The OnePlus 5 is a smartphone that costs $599, but that has a feature-set, specifications and build quality that compete with $1000-plus flagship smartphones from Samsung, Apple, and other high-end smartphone brands. That alone makes it an excellent value handset — it offers many of the features that its competitors have but at a significantly lesser price. Other phones from Apple and Samsung may have a larger set of unique features — the Galaxy Note8‘s iris scanning, for example — but I can’t think of anything I use regularly the OnePlus 5 is explicitly missing.

Cameras are important on a phone. The OnePlus 5’s cameras are good enough that I don’t miss the superior cameras of other high-end smartphones enough to use them instead. There are definitely better cameras out there — the iPhone and the Note8 beat the OnePlus 5 hands down, and there’s still nothing better than the Google Pixel in low light — but the OnePlus 5’s photos are generally pretty good.
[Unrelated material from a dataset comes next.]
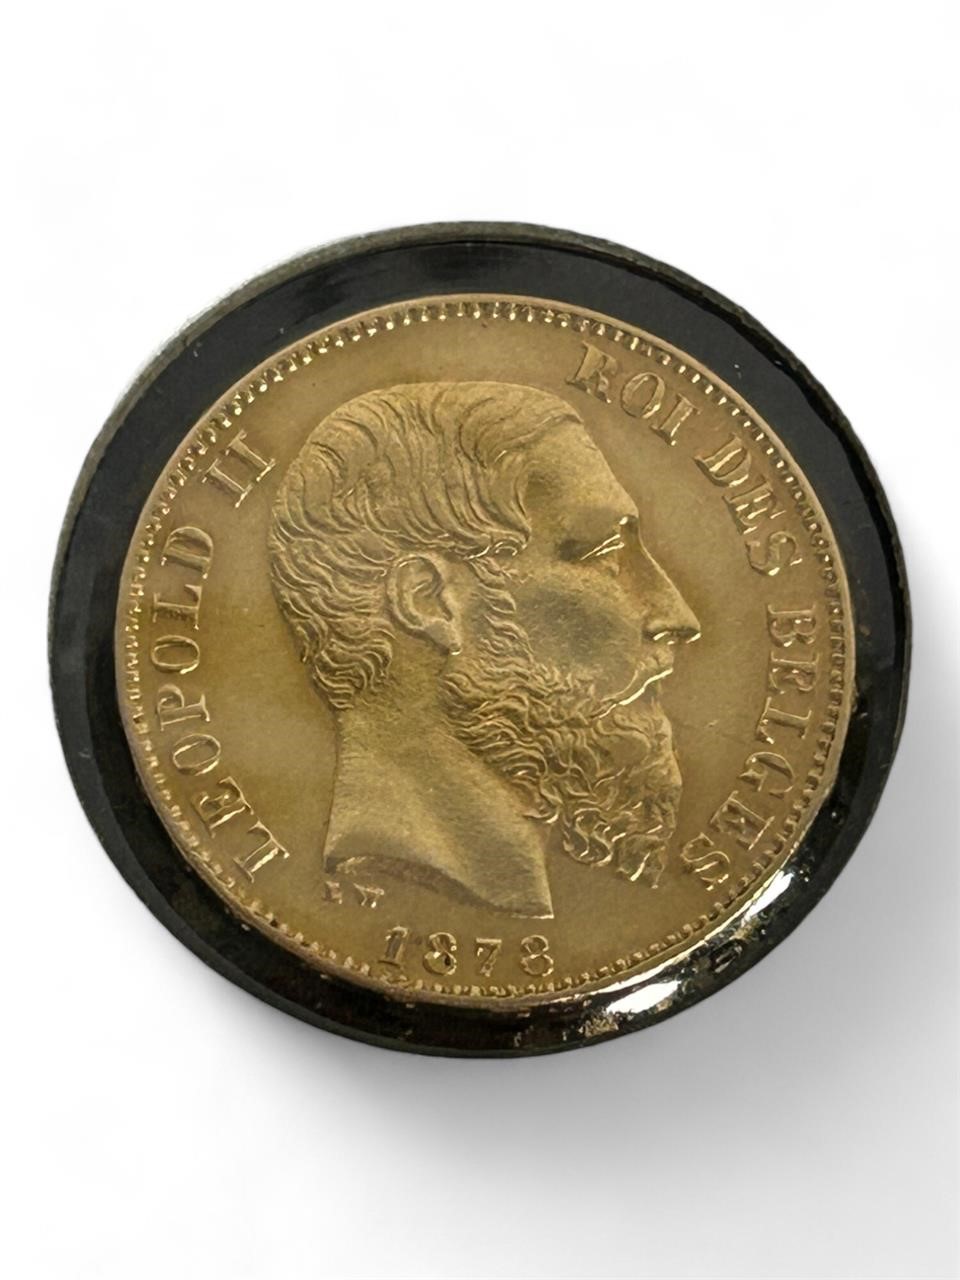 1878 Belchium 20 Francs Leopold II Gold Coin

The addition of a second telephoto camera and a background-blurring portrait mode takes the OnePlus 5 90 per cent of the way to its competitors as a photographic tool.

It’s also one of the fastest and most responsive smartphones that I’ve used, much faster in everyday use — in things like switching apps, the speed of typing and input lag — than many of the competitive phones I’ve used that are significantly more expensive. (For what it’s worth, I didn’t notice any of the ‘jelly scrolling’ that early user reports have mentioned.) It’s this soft-touch experience that leaves you with the best impression of the OnePlus 5 — it’s an extremely refined device, but at a price that suggests it might not necessarily be.

Because of that, the OnePlus 5 is an enchanting device. It’s fun to use, in a way that most smartphones in 2017 still aren’t. Despite having an iPhone 7 Plus and despite having a Galaxy Note8 that are both fantastic phones, I find myself going back to the OnePlus 5. I meant to swap my SIM into my new Note8 this last week, but I just… haven’t. I like the OnePlus 5, a lot. I would buy one in a heartbeat.